Statisticians: Not BCS quacks running unverified numbers with bizarre methodologies in their basement on a Mac Plus but legitimate, academically trained professionals.

Bookmakers: Who is paying the most attention to these teams and has the firmest grasp on their respective abilities? Those whose incomes depend on it.

All three groups are knowledge and unbiased, but none would be chosen. Media members can’t create the news they are supposed to cover. This isn’t voting in a large poll, it is directly choosing which teams play for a national title. Statisticians won’t be picked, since the point of a committee is to excise their role. College football can’t politically associate itself with gambling. Screw that idea.

Present coaches have a clear bias and act accordingly.

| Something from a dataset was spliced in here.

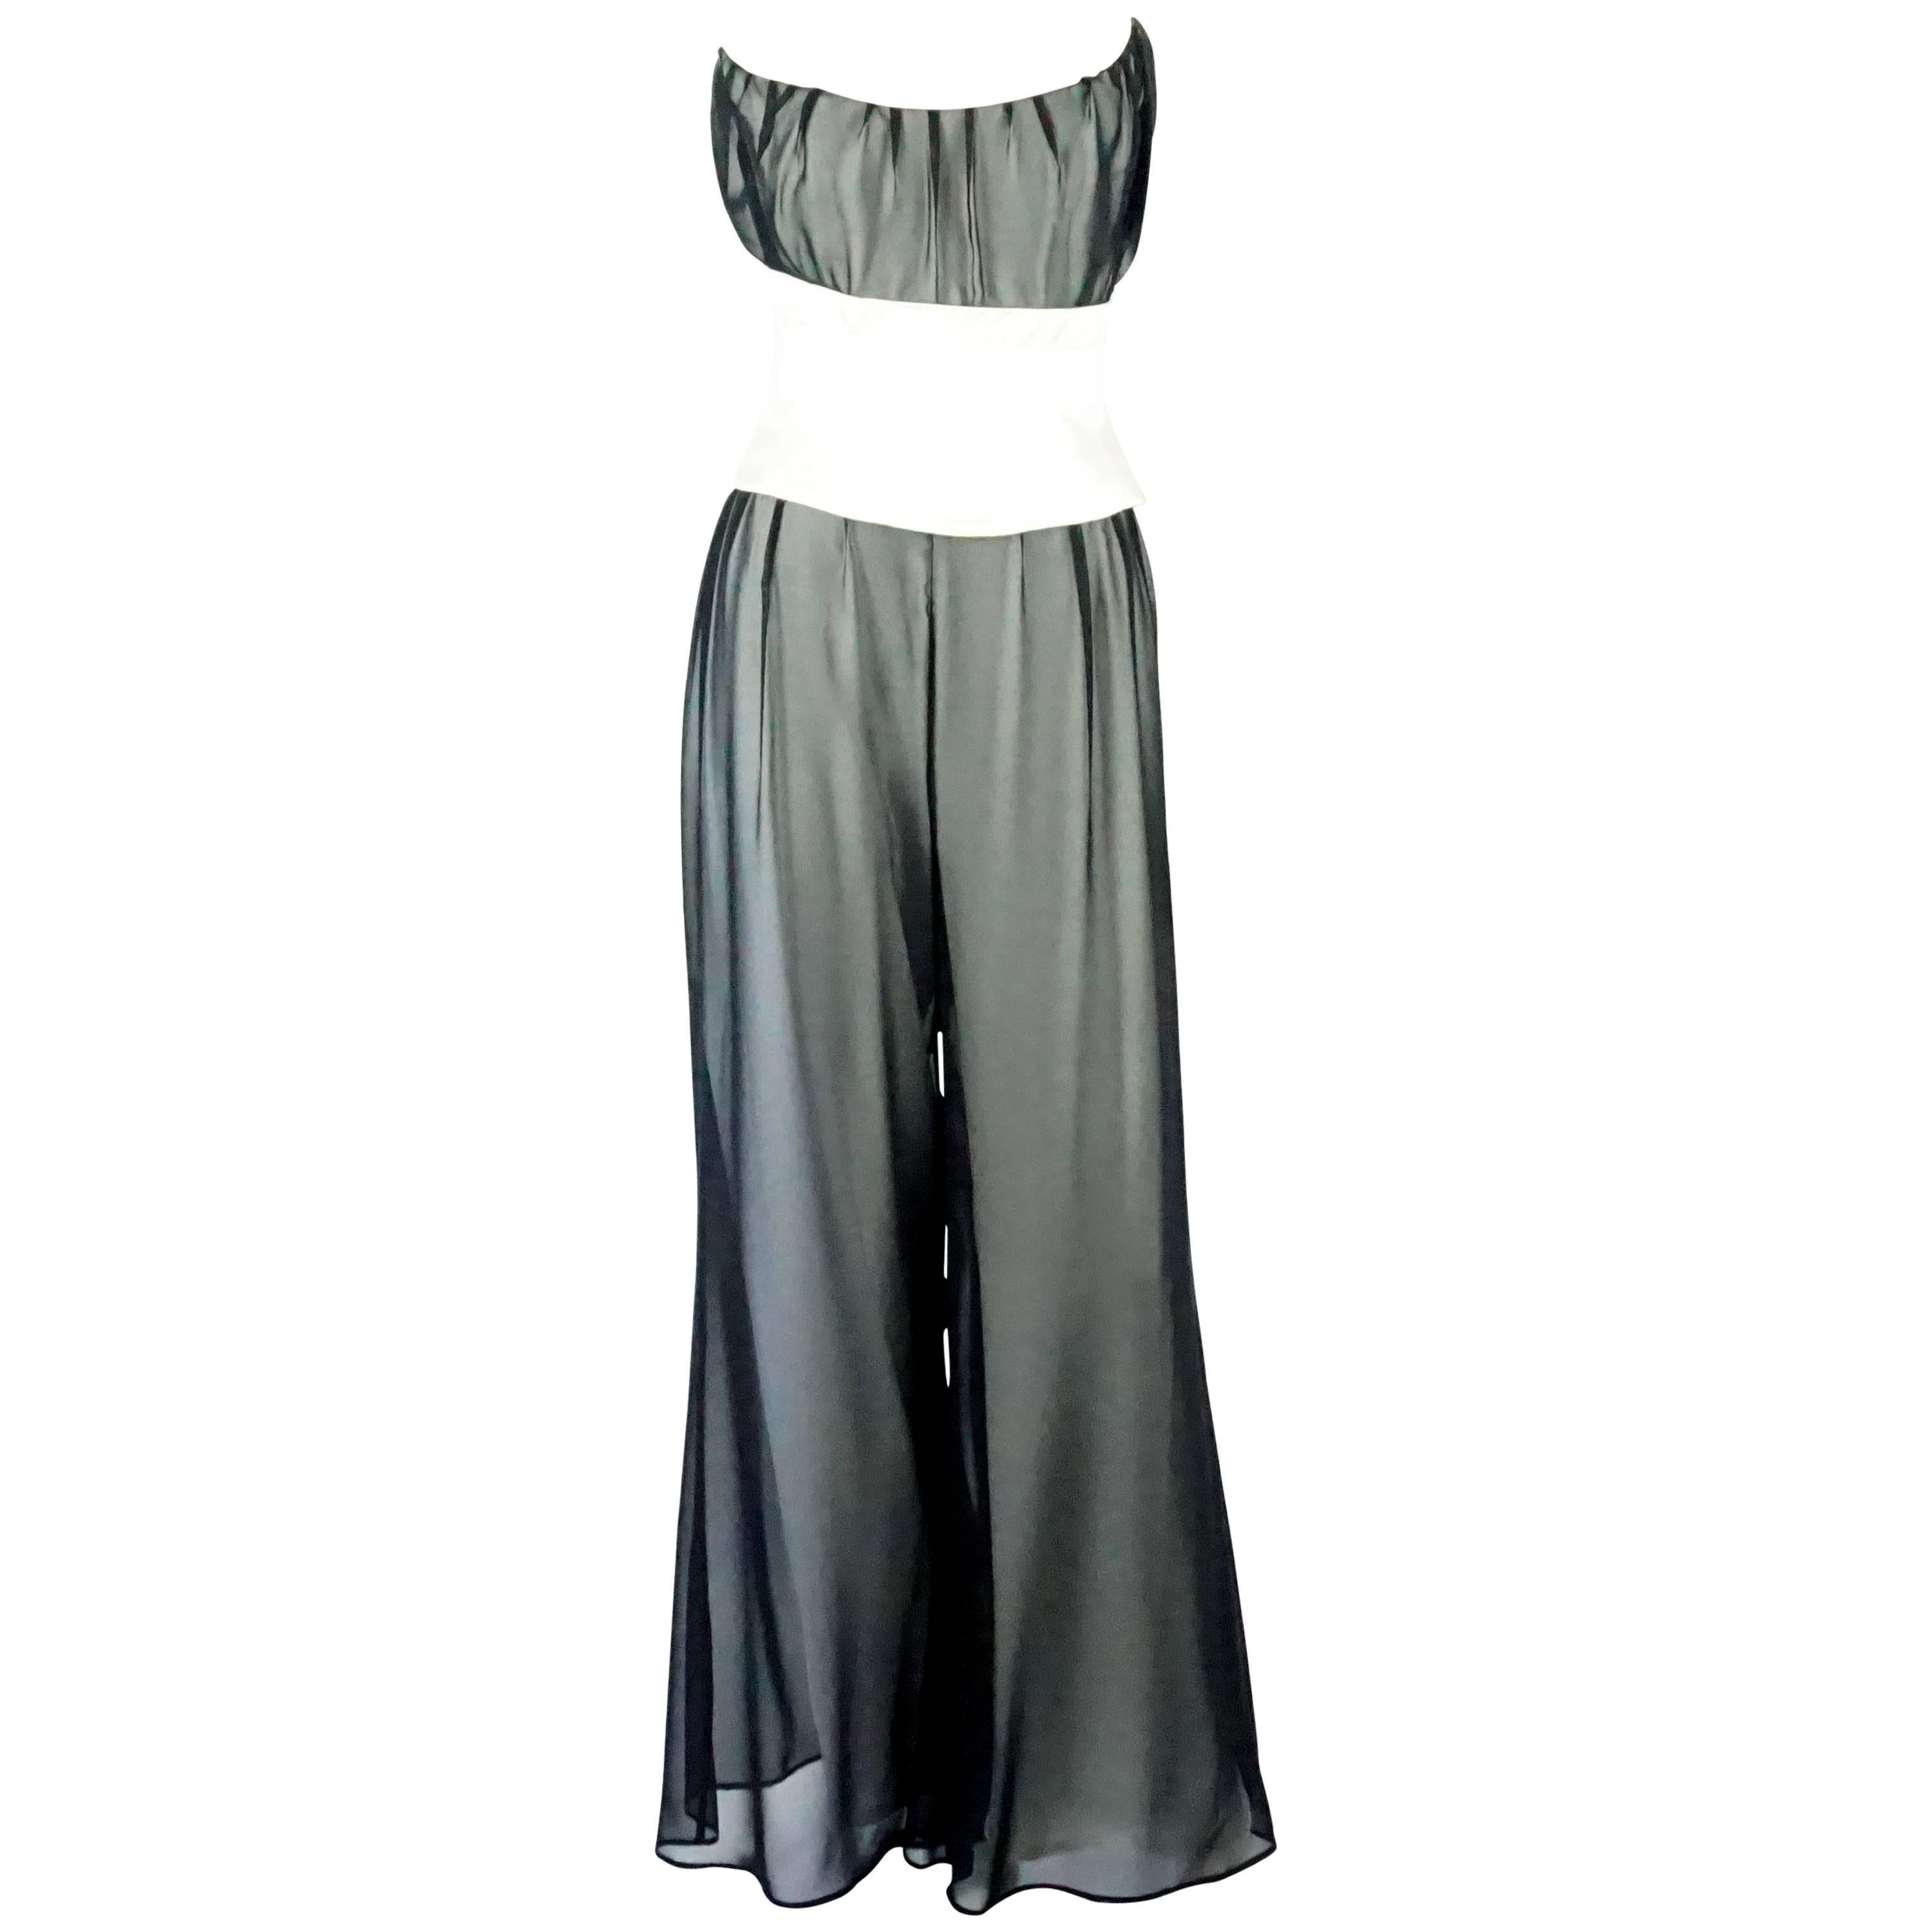 Thierry Mugler Black / White Palazzo Pants Cropped Bustier and Belt, Circa 1980s

Beyond that, you’re really just creating a more exclusive version of the Harris Poll. Clay Travis suggests using inactive, national champion head coaches who aren’t in NCAA trouble, which is interesting. Though having old men who might not be watching the games religiously, be still able to grasp what they are watching and have clear biases and often offices and sinecures at their former universities is not ideal.

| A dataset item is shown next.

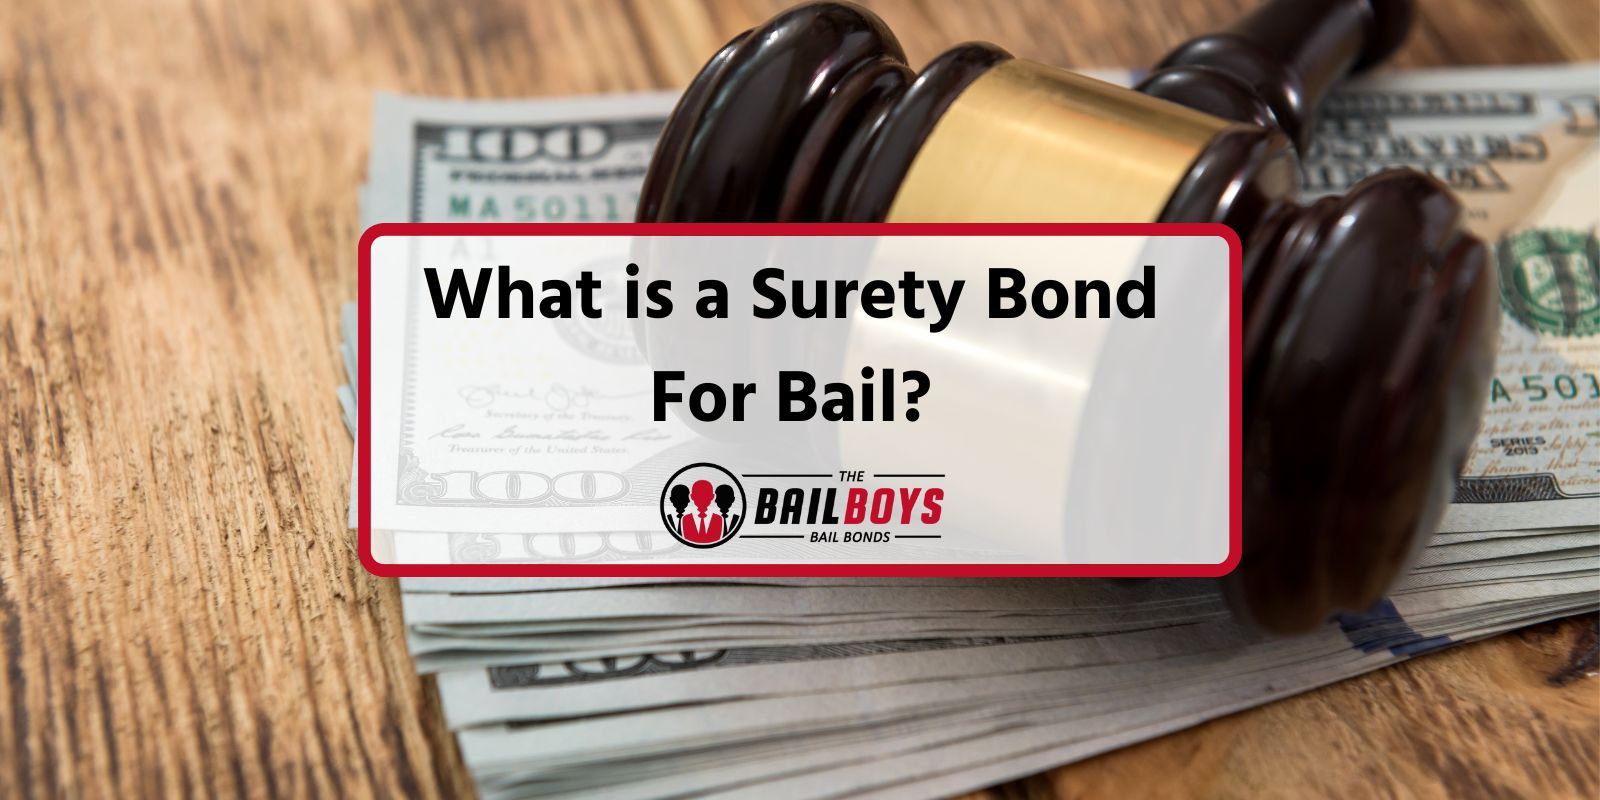 What is a Surety Bond for Bail?

What definition does having Lloyd Carr and Bobby Bowden discuss a 4/5 debate between Big Ten champ Michigan and ACC champ Florida State offer? Perhaps you could have all 11 (or however many or left) conferences each get a vote? But, do the big four really want the MWC deciding which of their teams gets into a playoff? The committee needs to make one decision. Are any of the above solutions significantly better at making it than the present formula?

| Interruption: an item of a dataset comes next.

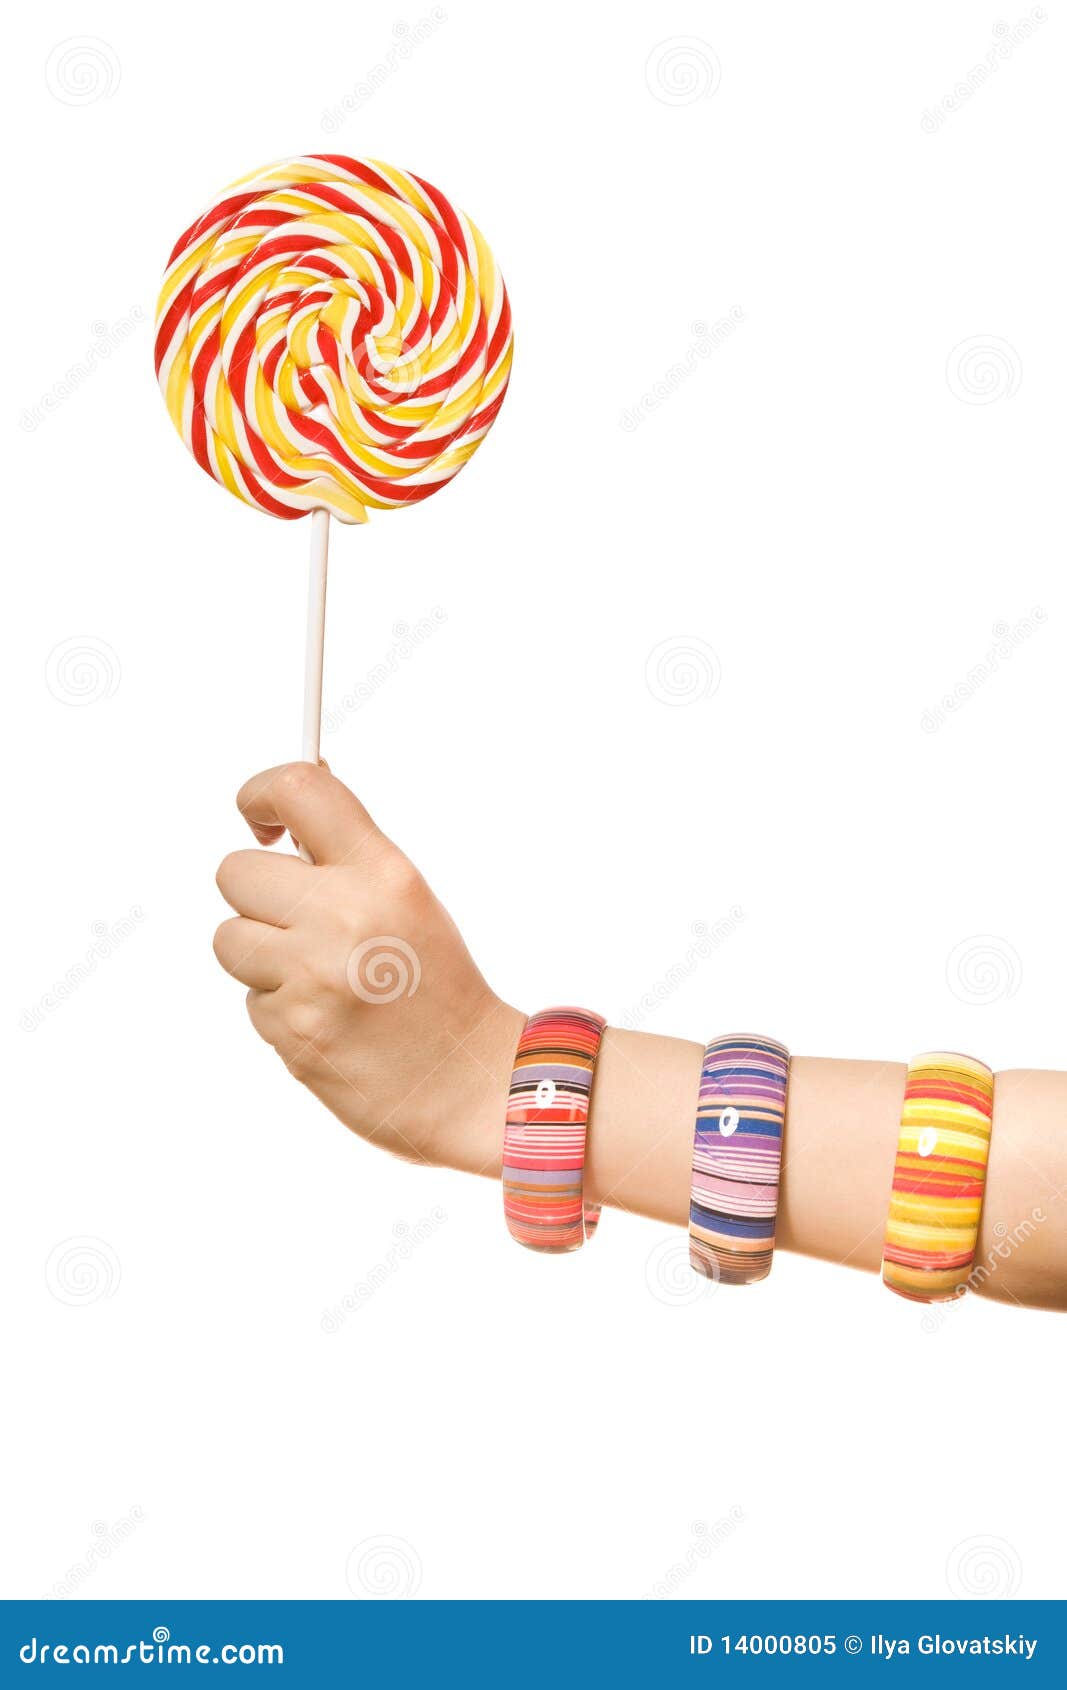 Woman S Hands with Lollipop Stock Image - Image of swirl, colorful ...

Even if you find a reasonable committee, it doesn’t offer a conclusive result. It provides a result and a focal point for the outrage. The fifth team still gets left out by a bunch of dudes deciding in a room rather than something tangible. The proper solution is not to shove the circular debates and anguish down to the fourth vs. fifth team or the eighth vs. ninth team or the sixteenth vs. seventeenth team. It is to come up with an objective, transparent, statistically valid formula.